● **Exercise**
Each line below must be set down exactly; omit any image you find.

● **Given material**
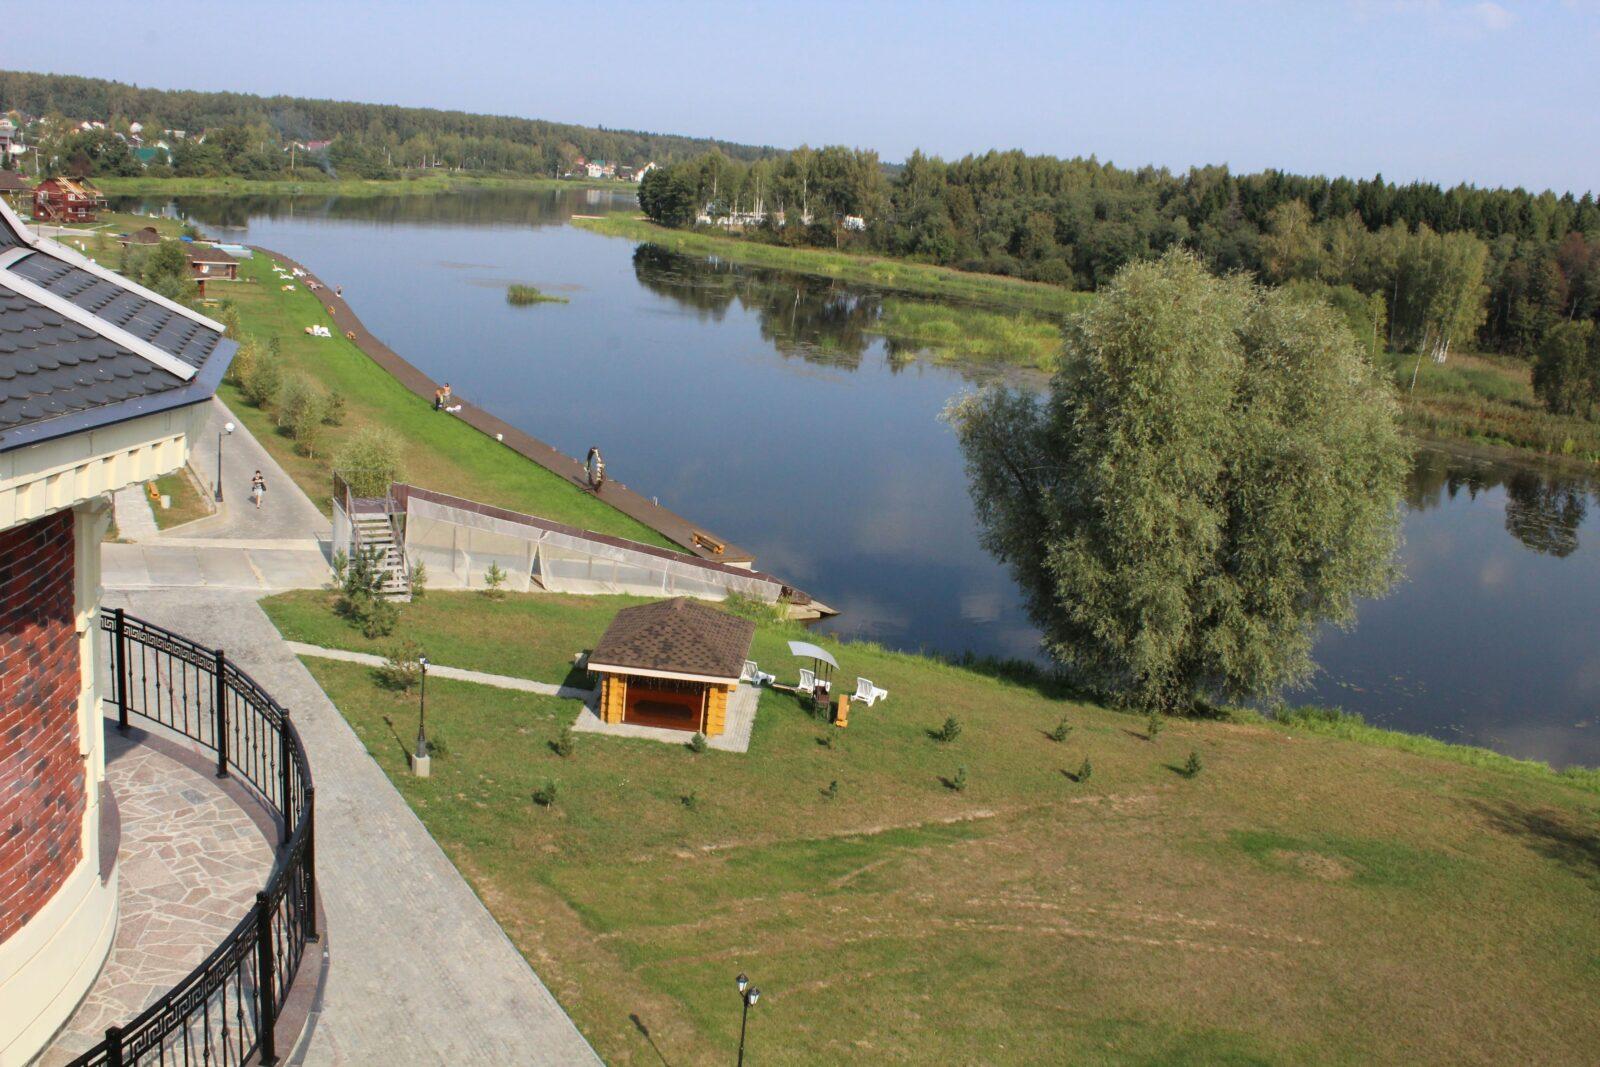 Ольгино предлагает квартиры и участки в экологически чистом районе
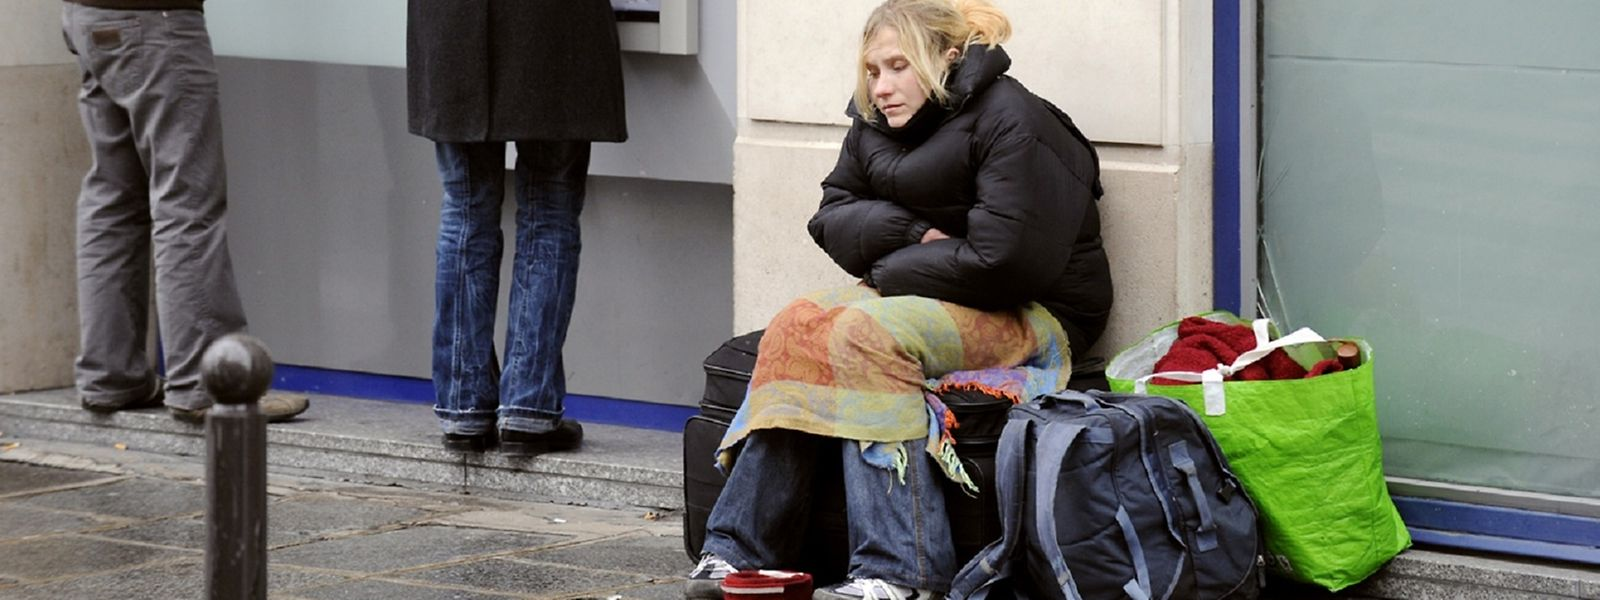 Les associations ont recensé 232 personnes sans-abri au Luxembourg.
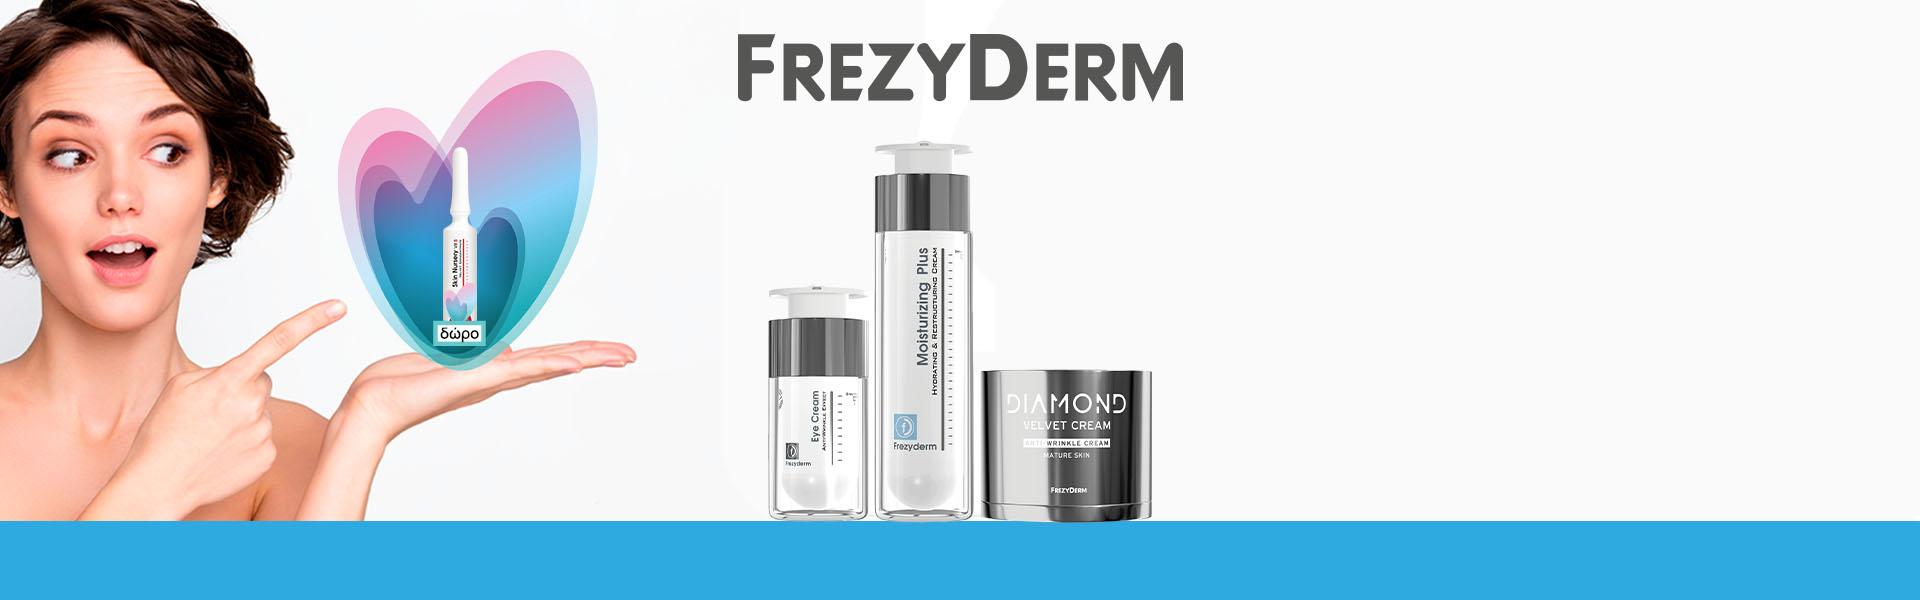 Με 2 προϊόντα Frezyderm από την ενυδατική/αντιγηραντική σειρά, ΔΩΡΟ το Skin Nursery VitB Booster

● **Written solution**
 Ольгино предлагает квартиры и участки в экологически чистом районе
 Les associations ont recensé 232 personnes sans-abri au Luxembourg.
 Με 2 προϊόντα Frezyderm από την ενυδατική/αντιγηραντική σειρά, ΔΩΡΟ το Skin Nursery VitB Booster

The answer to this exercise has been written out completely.